A. Un changement de paradigme

Dans les années 1970, les insuffisances des politiques keynésiennes furent à l'origine du retour
en force des politiques néoclassiques avec le monétarisme illustré par Milton Friedman, la
théorie de l'offre (Arthur Laffer), la théorie des anticipations rationnelles (Thomas Sargent,
Robert Lucas, John Muth). Tous ces courants développent avec des nuances les mêmes thèmes :
le facteur moteur de l'économie est l'offre et non la demande ; le désengagement de l'Etat est
une nécessité parce qu'il opère un effet d'éviction sur l'économie privée et parce que les
prélèvements sociaux dissuadent les individus de travailler ou de produire.

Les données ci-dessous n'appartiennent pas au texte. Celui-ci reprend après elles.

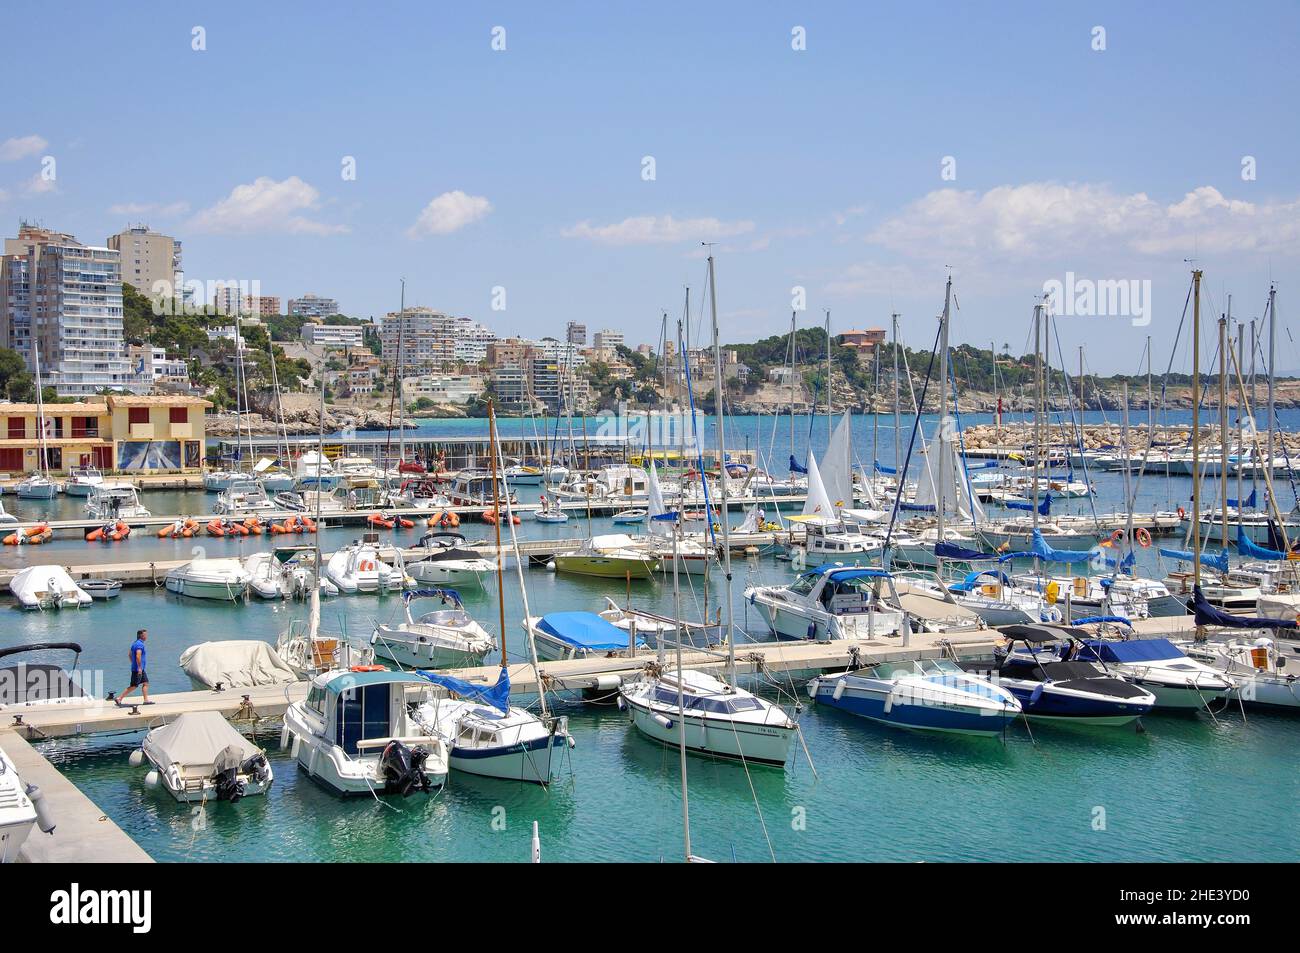 Marina view, Cala Major, comune di Palma, Maiorca (Mallorca), Isole Baleari, Spagna Foto Stock

Ils préconisèrent donc de diminuer les prélèvements obligatoires, de privilégier l'offre par la
baisse des impôts des particuliers et des entreprises, de favoriser l'investissement et de
privilégier le profit par rapport aux salaires, de déréguler en brisant le carcan dans lequel l’offre
est emprisonnée.

Le programme passait ainsi par la remise en cause du moteur des Trente Glorieuses avec le
démantèlement de l'État-providence, la déréglementation du marché du travail pour tendre
l'emploi plus flexible, la baisse des dépenses publiques et de l'impôt...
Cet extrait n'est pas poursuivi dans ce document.